## STORED DATA:
--*--
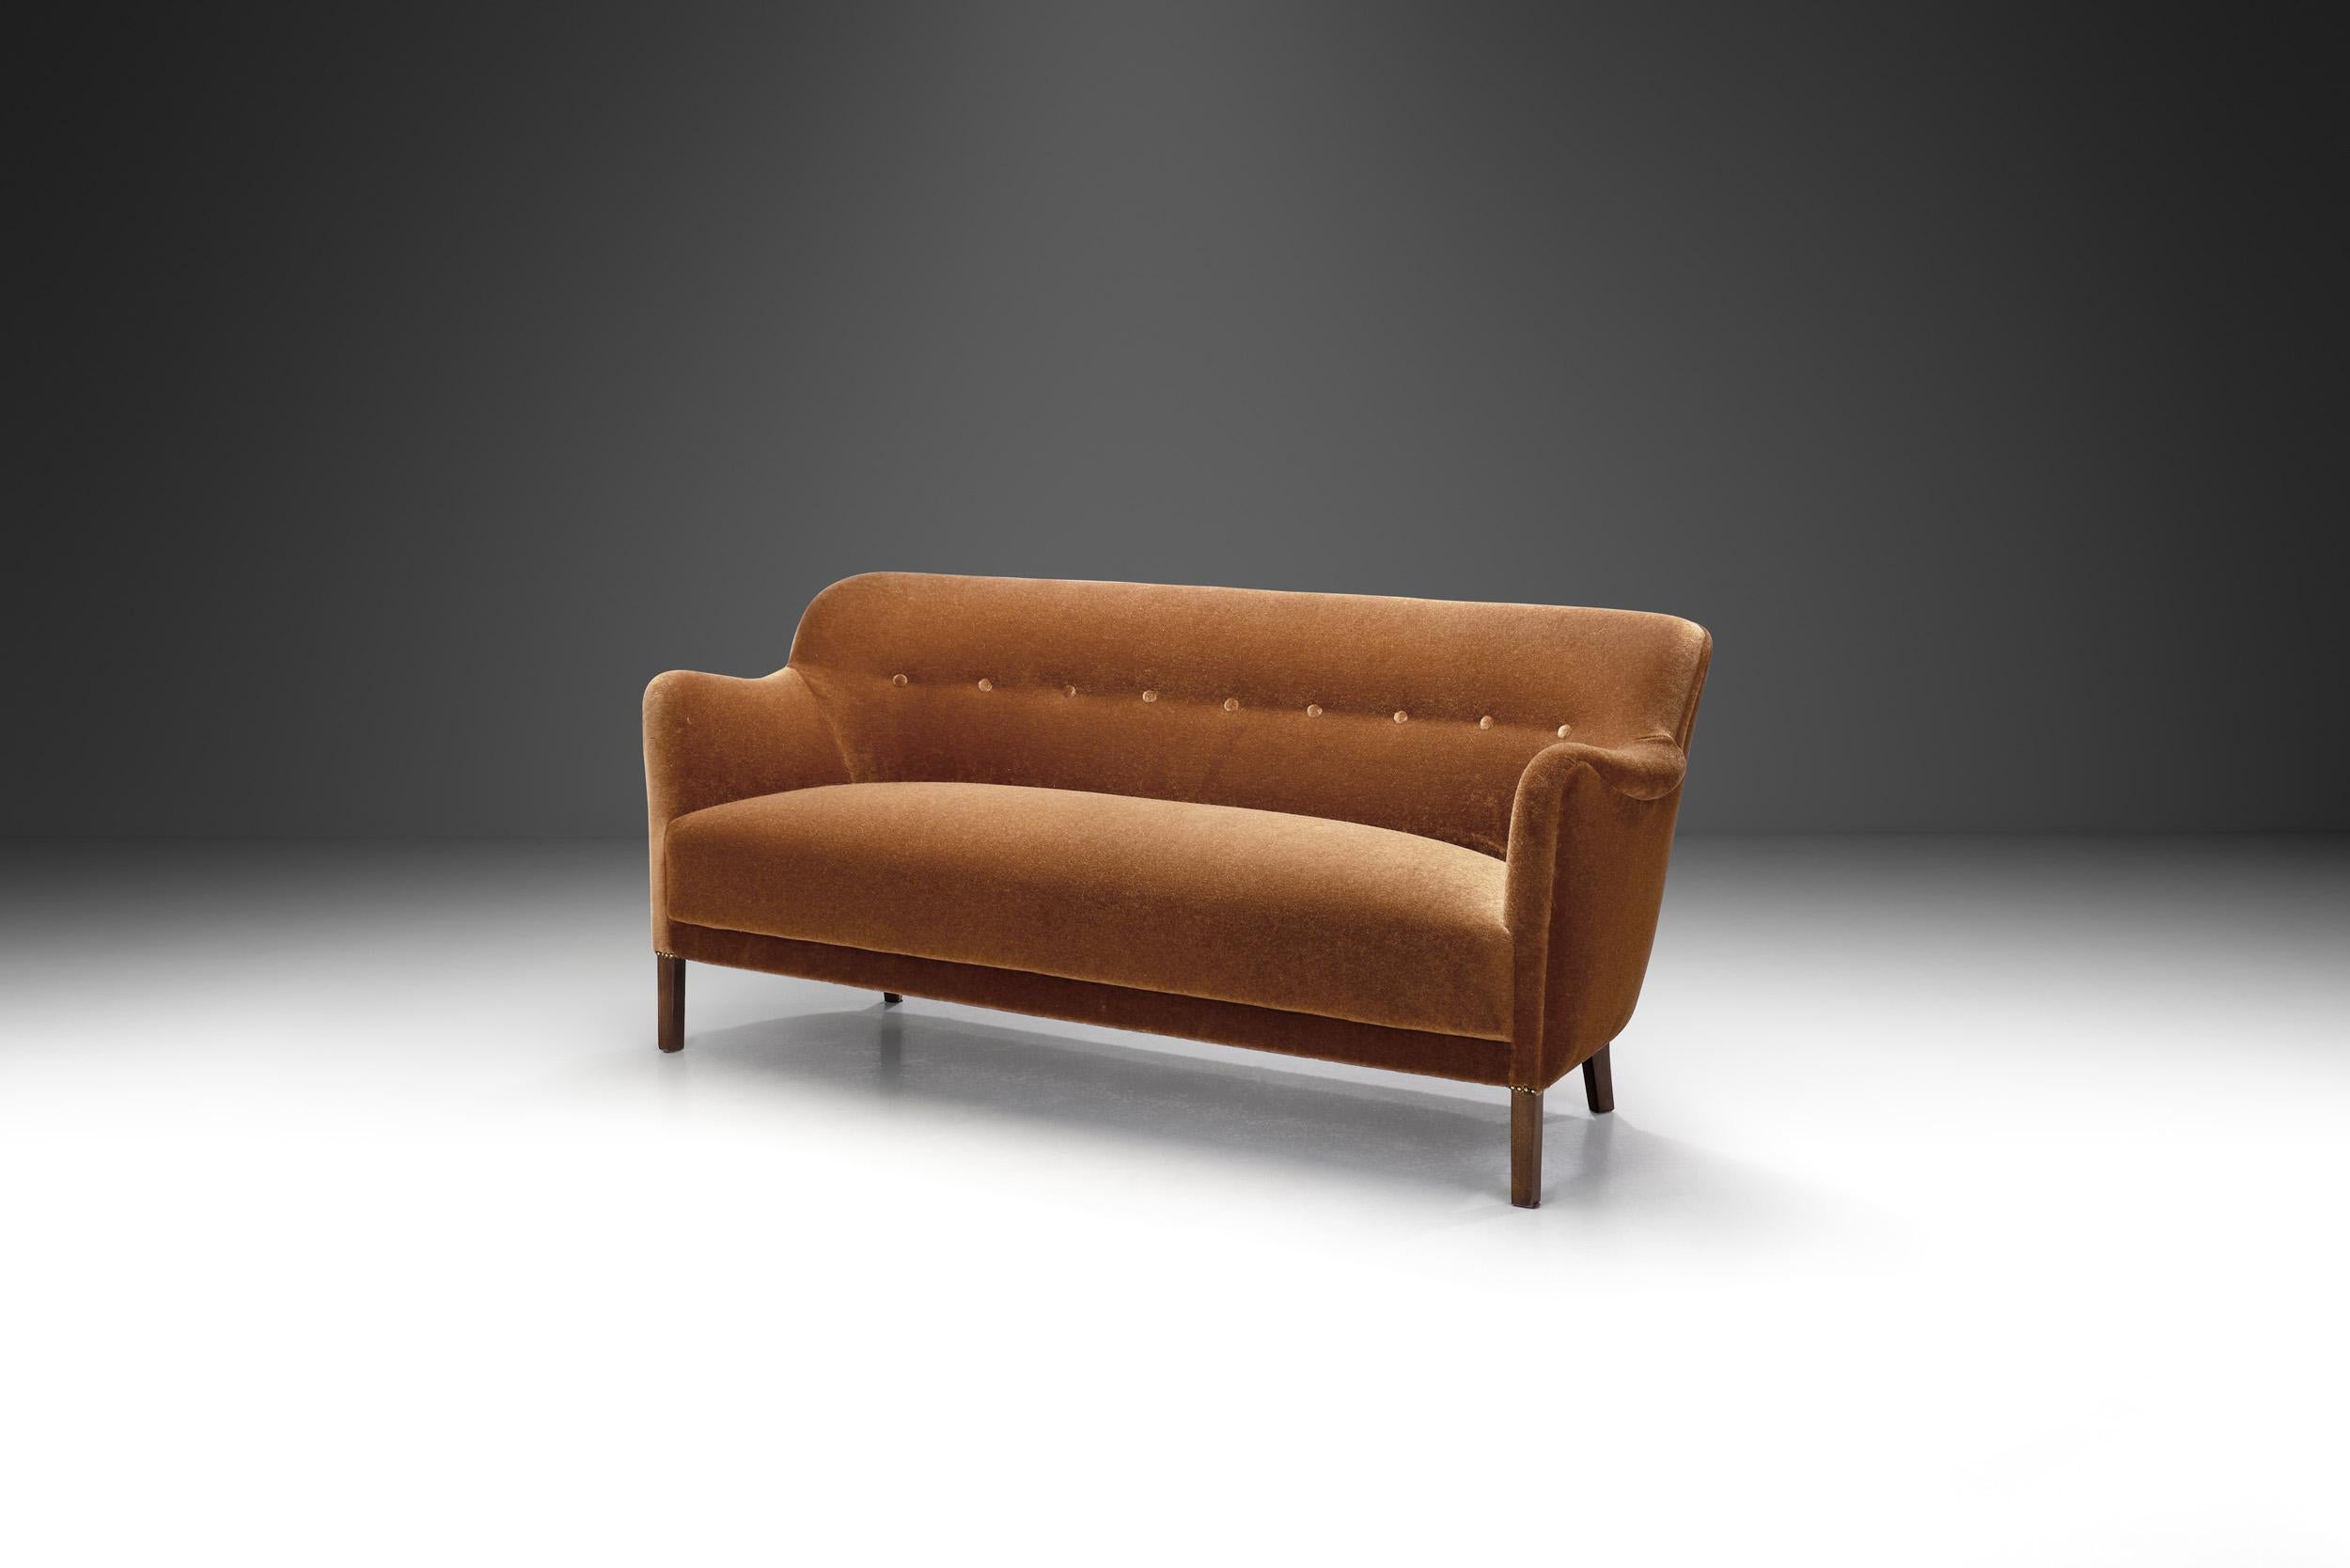 Designed in the early phase of what we know today as mid-century modern, this charming sofa is evidence of how traditional Danish craftsmanship was brought into modernism.

The sofa’s curving back and armrests are welcoming, and unmistakable of the
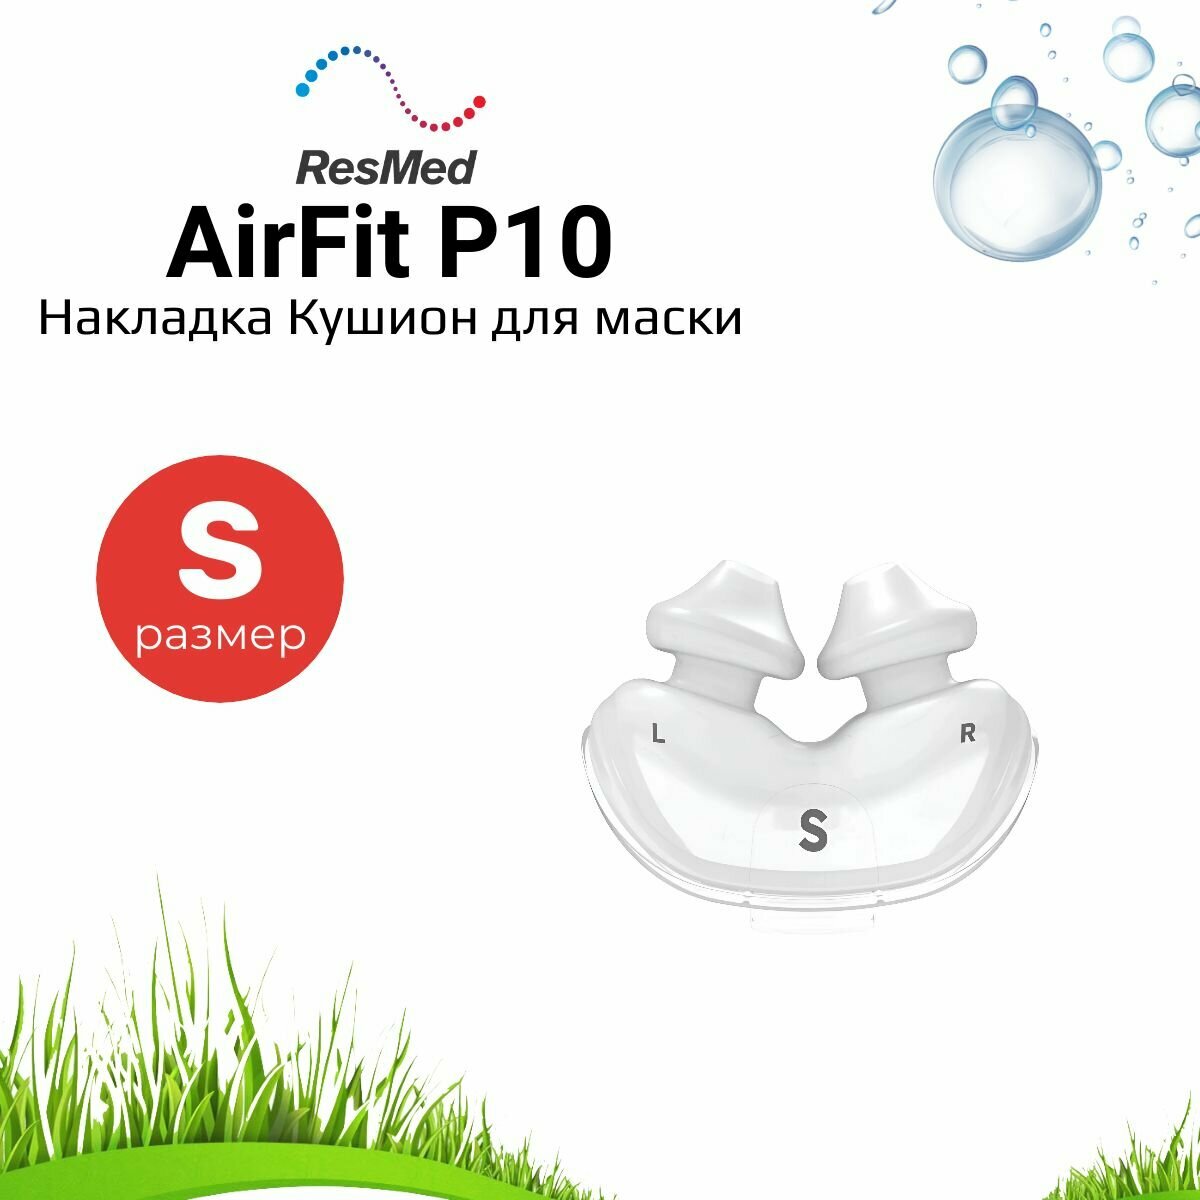 ResMed AirFit P10 накладка (кушион) размер SMALL
--*--
## WORK ORDER:
With the pictures removed, set down every line of the listing above exactly.

## SOLUTION TO THIS TASK:
 Designed in the early phase of what we know today as mid-century modern, this charming sofa is evidence of how traditional Danish craftsmanship was brought into modernism.

The sofa’s curving back and armrests are welcoming, and unmistakable of the
 ResMed AirFit P10 накладка (кушион) размер SMALL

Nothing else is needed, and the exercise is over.